Should this be the second byte assuming your order is byte3, byte2, byte1, byte0.

Also ... I have set the timings to about 1uSec per Read/Write on the aligned address but as you state the non-aligned is slower, about 2.6uS.

If the FMC address A1 is connected to A0 of the 32 bit SRAM, always aligned, does that mean I can load the SRAM much quicker, I have plenty of time to load/format data at the Source CPU address but little time to write to the SRAM.

Once again thanks

John W

john239955_st
Associate III
Posted on June 01, 2015 at 16:58

Sorry Jan,

Should this be the second byte assuming your order is byte3, byte2, byte1, byte0.

Also ... I have set the timings to about 1uSec per Read/Write on the aligned address but as you state the non-aligned is slower, about 2.6uS.

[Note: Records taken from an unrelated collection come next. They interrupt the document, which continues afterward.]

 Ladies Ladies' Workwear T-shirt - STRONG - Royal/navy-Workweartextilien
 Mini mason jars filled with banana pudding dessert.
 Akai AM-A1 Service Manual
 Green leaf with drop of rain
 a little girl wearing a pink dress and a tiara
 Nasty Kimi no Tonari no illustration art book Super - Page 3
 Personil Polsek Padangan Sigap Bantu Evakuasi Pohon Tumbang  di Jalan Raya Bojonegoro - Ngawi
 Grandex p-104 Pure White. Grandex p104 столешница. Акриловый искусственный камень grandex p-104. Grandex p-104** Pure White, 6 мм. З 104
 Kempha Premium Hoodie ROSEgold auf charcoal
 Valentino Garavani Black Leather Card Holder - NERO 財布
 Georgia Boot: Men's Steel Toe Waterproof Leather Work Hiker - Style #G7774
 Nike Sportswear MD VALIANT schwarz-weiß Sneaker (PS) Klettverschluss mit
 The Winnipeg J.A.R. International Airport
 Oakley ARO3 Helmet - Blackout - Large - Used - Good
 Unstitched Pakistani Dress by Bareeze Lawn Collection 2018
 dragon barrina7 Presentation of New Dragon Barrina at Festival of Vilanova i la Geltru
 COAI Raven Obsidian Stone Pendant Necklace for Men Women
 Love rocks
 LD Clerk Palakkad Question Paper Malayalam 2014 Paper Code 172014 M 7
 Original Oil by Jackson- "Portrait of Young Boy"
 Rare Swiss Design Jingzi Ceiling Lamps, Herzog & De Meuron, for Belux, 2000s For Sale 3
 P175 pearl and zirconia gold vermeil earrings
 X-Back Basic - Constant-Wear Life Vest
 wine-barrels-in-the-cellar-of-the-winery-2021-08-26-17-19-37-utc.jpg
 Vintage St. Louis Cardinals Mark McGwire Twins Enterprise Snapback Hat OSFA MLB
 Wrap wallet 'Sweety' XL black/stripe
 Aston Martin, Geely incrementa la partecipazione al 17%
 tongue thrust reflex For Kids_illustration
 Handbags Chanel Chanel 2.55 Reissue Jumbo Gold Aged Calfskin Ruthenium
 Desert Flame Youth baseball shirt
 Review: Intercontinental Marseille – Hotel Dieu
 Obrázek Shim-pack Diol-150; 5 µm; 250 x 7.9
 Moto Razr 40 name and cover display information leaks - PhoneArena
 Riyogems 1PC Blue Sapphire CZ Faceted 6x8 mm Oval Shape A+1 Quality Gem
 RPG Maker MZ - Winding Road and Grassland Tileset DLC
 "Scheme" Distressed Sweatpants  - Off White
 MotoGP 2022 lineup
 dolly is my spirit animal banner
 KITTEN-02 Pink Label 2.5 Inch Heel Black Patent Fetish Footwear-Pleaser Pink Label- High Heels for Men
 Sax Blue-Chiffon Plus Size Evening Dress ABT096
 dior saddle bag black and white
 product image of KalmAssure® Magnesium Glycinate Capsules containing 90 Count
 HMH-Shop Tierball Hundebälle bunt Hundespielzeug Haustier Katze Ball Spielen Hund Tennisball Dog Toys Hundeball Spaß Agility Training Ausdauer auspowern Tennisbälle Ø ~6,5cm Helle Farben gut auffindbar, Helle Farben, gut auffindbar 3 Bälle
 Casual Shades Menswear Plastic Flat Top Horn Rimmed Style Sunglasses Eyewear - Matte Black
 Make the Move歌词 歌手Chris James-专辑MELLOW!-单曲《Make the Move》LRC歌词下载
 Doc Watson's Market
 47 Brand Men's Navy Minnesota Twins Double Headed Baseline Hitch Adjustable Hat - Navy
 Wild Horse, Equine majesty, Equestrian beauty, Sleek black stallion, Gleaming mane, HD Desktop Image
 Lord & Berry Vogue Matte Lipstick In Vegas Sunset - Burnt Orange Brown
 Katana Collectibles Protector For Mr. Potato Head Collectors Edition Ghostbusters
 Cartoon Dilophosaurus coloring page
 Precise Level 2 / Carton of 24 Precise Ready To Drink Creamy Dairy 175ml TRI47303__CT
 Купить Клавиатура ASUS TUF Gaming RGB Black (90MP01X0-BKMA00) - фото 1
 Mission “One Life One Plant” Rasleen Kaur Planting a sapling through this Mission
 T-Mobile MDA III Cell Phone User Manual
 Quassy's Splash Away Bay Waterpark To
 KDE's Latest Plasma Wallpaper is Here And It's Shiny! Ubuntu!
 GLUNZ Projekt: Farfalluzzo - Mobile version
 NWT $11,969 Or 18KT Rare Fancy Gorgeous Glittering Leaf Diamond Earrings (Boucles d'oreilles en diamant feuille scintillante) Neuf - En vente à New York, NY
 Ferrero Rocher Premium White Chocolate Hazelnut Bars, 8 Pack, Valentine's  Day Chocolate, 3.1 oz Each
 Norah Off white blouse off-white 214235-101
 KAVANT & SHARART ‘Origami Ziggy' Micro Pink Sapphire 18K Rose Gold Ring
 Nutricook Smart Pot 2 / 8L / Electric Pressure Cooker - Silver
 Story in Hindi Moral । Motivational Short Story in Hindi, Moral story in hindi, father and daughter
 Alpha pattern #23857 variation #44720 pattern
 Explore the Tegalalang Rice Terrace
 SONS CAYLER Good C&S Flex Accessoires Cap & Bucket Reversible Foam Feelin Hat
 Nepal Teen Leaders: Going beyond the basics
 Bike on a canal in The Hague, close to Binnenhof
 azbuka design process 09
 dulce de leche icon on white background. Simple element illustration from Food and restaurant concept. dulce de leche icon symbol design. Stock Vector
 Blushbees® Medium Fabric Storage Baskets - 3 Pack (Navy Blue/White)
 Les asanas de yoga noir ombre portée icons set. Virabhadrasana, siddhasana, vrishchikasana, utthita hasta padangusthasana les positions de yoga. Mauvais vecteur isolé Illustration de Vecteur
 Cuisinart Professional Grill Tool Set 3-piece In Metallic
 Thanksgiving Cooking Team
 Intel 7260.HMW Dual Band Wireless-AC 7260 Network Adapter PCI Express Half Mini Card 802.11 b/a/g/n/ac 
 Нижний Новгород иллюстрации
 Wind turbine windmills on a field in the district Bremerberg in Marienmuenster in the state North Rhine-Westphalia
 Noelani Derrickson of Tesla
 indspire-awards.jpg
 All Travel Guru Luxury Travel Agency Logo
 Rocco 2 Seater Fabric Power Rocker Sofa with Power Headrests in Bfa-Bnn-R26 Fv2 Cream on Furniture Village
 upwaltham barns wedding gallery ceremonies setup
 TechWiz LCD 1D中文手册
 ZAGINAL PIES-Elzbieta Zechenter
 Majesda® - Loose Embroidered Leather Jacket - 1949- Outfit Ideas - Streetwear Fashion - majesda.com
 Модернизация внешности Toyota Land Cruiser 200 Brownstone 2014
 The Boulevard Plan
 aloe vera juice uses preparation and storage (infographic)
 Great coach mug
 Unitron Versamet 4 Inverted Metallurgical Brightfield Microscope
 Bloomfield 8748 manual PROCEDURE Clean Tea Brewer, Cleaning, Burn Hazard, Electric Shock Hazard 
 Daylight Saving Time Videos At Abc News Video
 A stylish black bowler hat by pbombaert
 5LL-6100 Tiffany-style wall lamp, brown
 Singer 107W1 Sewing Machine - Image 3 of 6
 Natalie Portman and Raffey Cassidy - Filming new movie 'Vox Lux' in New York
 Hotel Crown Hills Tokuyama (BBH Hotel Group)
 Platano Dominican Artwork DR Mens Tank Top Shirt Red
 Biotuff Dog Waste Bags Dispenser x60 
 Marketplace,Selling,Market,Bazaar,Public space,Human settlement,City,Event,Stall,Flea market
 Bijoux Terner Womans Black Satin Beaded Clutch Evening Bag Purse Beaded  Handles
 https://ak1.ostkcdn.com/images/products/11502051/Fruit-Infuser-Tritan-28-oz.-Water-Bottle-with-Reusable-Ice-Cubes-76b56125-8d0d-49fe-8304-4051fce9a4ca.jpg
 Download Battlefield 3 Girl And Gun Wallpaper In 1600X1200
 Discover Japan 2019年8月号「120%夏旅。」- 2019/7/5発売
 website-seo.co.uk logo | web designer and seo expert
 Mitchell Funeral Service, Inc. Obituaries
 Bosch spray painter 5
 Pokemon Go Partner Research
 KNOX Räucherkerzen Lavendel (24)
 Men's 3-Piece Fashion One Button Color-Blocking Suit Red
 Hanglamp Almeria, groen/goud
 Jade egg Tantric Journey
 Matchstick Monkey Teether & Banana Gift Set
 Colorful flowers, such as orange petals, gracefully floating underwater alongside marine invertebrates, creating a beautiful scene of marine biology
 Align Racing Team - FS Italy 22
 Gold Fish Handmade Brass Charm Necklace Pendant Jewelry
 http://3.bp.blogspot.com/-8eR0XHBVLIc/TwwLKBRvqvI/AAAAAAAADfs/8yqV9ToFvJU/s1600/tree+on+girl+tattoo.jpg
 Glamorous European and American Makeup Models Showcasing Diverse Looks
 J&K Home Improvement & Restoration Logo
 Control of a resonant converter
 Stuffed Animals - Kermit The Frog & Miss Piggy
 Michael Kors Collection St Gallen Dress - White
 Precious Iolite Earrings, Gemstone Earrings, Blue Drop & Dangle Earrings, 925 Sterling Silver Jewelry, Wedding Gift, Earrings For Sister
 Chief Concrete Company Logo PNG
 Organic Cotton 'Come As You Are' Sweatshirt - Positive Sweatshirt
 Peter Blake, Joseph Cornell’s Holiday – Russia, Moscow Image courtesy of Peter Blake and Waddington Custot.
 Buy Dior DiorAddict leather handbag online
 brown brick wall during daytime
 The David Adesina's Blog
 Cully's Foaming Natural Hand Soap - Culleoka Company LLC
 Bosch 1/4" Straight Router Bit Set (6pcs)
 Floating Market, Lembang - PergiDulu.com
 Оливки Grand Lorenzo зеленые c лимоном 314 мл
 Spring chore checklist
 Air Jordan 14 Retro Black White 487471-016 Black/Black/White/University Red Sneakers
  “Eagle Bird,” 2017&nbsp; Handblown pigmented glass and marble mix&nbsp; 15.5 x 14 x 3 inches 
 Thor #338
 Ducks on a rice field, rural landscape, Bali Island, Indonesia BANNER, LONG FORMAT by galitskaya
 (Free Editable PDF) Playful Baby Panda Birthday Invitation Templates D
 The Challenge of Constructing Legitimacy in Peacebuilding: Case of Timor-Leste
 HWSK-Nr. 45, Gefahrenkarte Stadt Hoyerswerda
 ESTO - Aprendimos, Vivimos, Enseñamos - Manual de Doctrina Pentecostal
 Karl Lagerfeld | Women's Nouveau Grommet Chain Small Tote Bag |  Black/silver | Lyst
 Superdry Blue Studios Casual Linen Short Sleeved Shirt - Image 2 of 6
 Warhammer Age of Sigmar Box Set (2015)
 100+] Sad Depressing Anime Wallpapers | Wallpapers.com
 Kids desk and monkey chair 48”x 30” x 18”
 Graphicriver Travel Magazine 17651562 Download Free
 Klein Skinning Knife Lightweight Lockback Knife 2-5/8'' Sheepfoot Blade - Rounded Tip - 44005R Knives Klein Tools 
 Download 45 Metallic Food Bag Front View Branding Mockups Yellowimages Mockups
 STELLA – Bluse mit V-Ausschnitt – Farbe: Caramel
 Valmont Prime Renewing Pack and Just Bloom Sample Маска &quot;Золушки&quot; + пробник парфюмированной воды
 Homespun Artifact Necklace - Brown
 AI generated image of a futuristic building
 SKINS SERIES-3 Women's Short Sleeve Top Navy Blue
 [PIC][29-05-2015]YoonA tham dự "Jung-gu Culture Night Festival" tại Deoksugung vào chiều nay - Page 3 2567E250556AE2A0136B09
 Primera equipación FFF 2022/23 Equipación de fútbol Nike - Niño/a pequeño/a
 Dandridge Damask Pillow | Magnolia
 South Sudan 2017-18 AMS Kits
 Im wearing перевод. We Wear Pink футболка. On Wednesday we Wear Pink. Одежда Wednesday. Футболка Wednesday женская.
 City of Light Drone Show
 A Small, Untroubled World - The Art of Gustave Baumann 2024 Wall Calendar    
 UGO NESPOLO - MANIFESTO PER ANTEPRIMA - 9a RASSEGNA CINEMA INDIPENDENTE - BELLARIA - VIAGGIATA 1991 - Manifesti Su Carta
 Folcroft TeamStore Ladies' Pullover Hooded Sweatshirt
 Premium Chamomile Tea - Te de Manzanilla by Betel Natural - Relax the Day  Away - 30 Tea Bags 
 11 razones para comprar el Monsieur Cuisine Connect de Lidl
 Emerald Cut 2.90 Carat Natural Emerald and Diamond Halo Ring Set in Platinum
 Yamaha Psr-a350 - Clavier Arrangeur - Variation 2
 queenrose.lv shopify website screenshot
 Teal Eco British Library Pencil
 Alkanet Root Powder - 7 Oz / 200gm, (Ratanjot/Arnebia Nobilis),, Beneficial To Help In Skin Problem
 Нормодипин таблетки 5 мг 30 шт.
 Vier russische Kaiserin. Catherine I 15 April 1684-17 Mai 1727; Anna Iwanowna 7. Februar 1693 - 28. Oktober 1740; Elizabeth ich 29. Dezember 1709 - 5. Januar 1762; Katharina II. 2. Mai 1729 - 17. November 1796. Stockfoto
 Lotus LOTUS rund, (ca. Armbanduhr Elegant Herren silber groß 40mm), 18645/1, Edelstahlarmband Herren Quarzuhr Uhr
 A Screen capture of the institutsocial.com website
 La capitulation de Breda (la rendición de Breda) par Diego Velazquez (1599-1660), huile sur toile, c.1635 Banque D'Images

If the FMC address A1 is connected to A0 of the 32 bit SRAM, always aligned, does that mean I can load the SRAM much quicker, I have plenty of time to load/format data at the Source CPU address but little time to write to the SRAM.

Once again thanks.

John W

Posted on June 01, 2015 at 22:46

Much depends on how you ''see'' a multibyte value... But instead of going into details of endiannes, I'd recommend you to experiment further on whatever hardware you have, and together with reading of the material available to RAMs, to achieve full understanding of what's going on.

Even if you don't have the byte lane signals connected, aligned word accesses and all (even unaligned) reads should be correct.